Gray skies were the norm in the north east where I grew up. I much preferred the sunny days, but they were few and often, far between. Thus, my choice to live in the true sunshine state of Arizona. I had gray countertops when we first purchased our present home. I much prefer more vibrant pops of color and stated right at the beginning that the gray counters had to go. Gray doesn’t fit my taste in clothing either. I can pull off little bits as an accent but if gray is the focal point, my skin looks washed out and my eyes look sleepy. Gray as a hair color, definitely not my thing, not yet anyway. Gray hair started coming in at age 18 for me. It is no more.
How many things look better when you squint at them, when you allow them to become blurred? Cellulite pretty much disappears when you squint. Sharp lines in a drawing soften when you squint. Colors blend when you squint. Even the repulsive becomes more palatable when you squint. Some things are just easier to accept when the lines become blurred.
What about our thinking? What happens there when we squint? What issues did you once take a hard line stance about in the past, that now you just aren’t so passionate about? Maybe it was a political opinion or a religious belief. Maybe it was a critical judgment about another person. Can you see any change in your thoughts toward that subject? Has time softened the line or new thinking changed your beliefs?

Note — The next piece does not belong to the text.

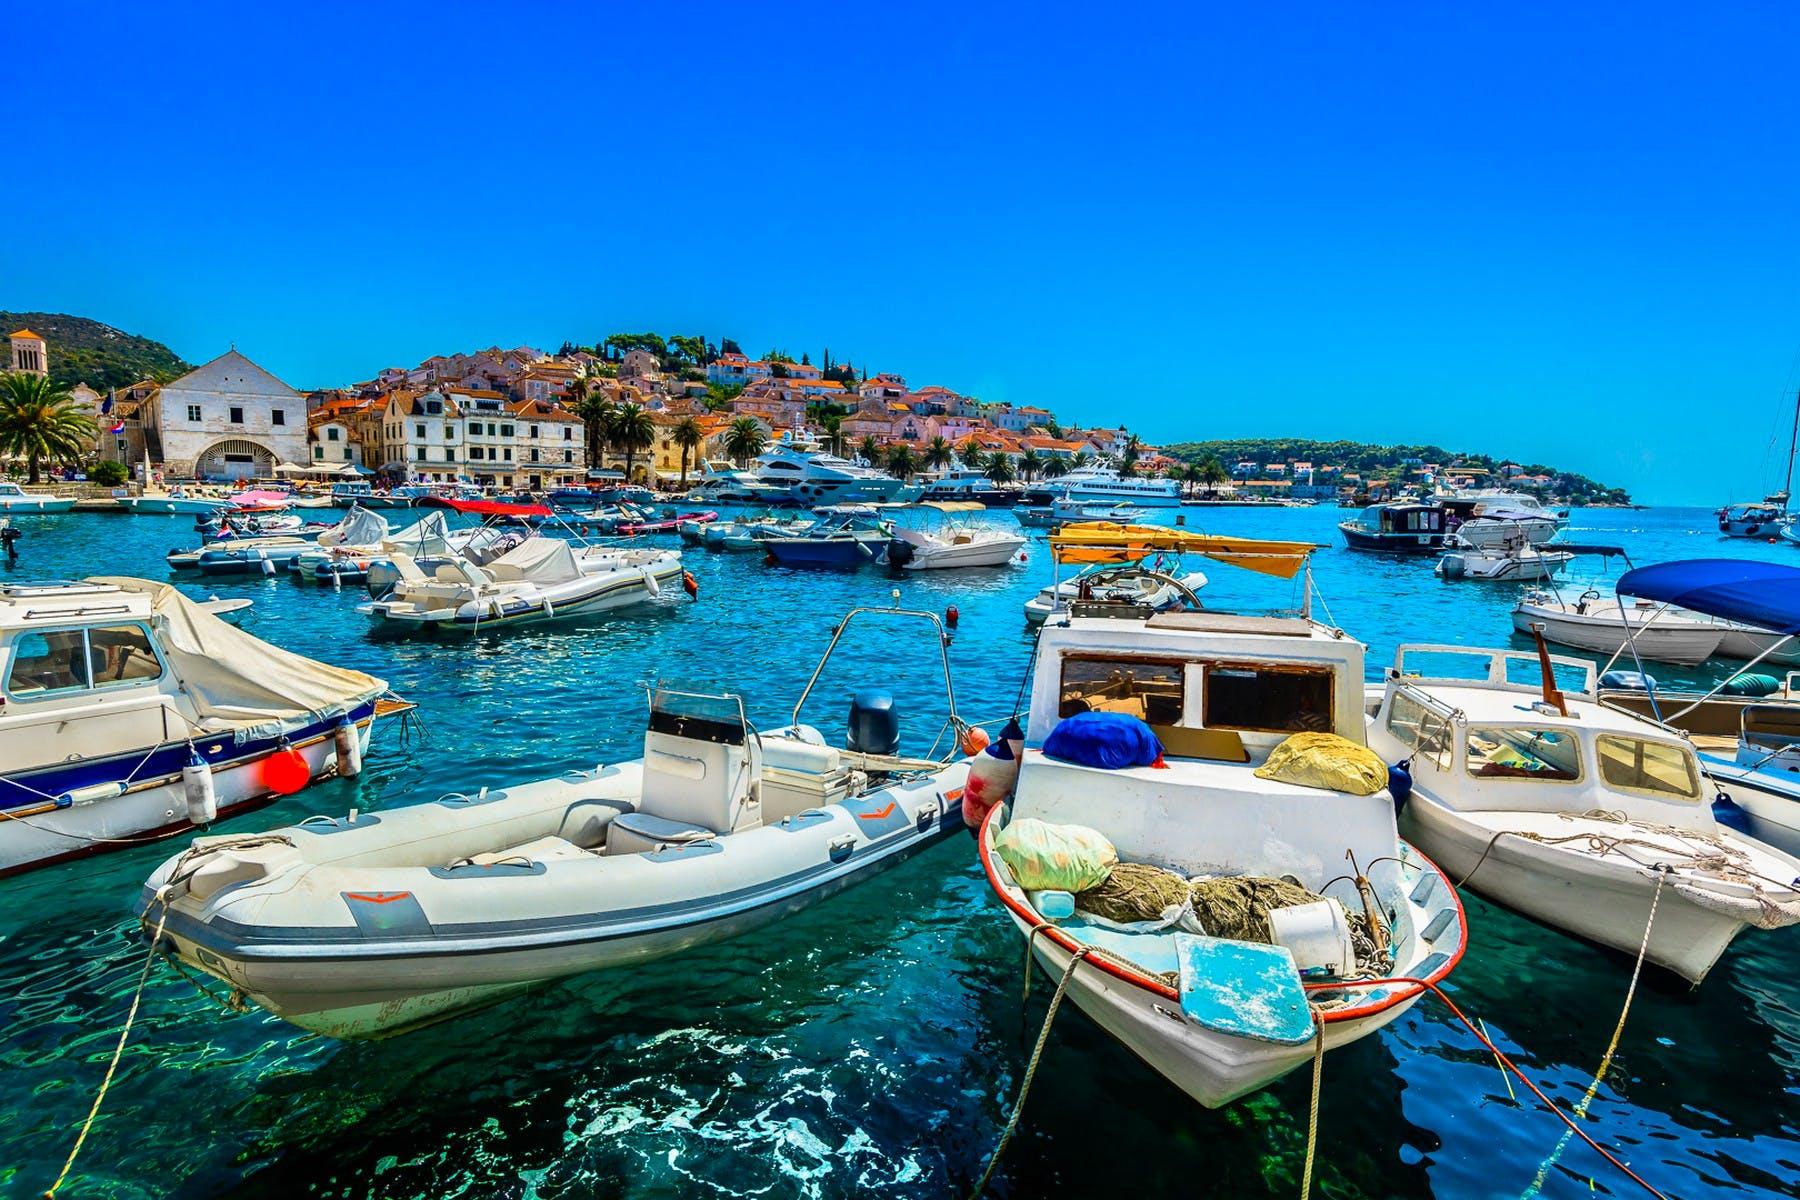 Mesmerizing blue waters of city Hvar

Or maybe you haven’t thought about something that you were once really passionate about for so long that neglect has caused the color to fade. The life that was once there now has barely a pulse. Maybe it’s just daily life choices or circumstances that have slowly taken you in a direction that you didn’t originally intend to go. You may not have even realized yet that you’ve gotten off track. Maybe your dreams were stolen or you just let go of them somewhere along the way.
What I’m talking about here is the “gray” areas. Those places where black and white meet and the colors meld as one. The vibrancy of the original colors is lost in the gray area. The clear sharp lines between the black and the white can no longer be seen. Maybe you can still see some of the black or white on the outside edges, but what happened to the beauty in the contrast? This can be applied to so many things, but what does it mean for you? Is there a place where gray is beautiful, where blurred is better, where squinting should be applied?
If we’re talking about color, each can be beautiful when used and applied in the right way. Each can and should be allowed to stand on its own, regardless of anyone else’s taste.
If we’re talking about opinion or beliefs, it gets more complicated. Was our original belief or opinion founded on fact and truth or someone else’s interpretation of the subject? Did our beliefs and opinions change or soften due to gaining more knowledge of the subject or did deceptive thinking sneak in and steal what we were once passionate about? Or did the passion die due to neglect? Did you stop caring for and nurturing that thing that you were once passionate about? Should it have been allowed to die?
For you, is it those little daily life choices or circumstances that have slowly taken you off the course that you originally intended to travel? Did circumstance or a choice steal away or kill your dream?
I know I’ve asked a lot of questions here. These are things that I’m thinking about in my own life. I can see where I have allowed some things I was once passionate about to almost die due to neglect. Dreams have been let go of. I can see how some of my beliefs and opinions have changed or evolved and I am evaluating the basis for that. I can easily see how daily life circumstances and choices over the years have taken me in a different direction. I’m not saying I have all of these questions settled in my heart, but I will say that I am acutely aware of the need to keep these questions in front of me until they are settled. I’m just being honest here. I know that I live in a constant state of being a choice away from doing the right thing for myself and doing the wrong thing for myself. I am very much aware of my “humanness”, the good, the bad and the ugly.
Once again, my purpose in this blog is to make this journey with you. It’s intended to be a safe place that opens the door for conversation, not debate, for healing, not hurting. Is there anyone out there who cares to share what fits in the “gray” area for you, what looks better when you squint, (besides cellulite) or what looks better in vibrant color, what you’ve let die that you shouldn’t have, what you’ve lost passion about? Anyone???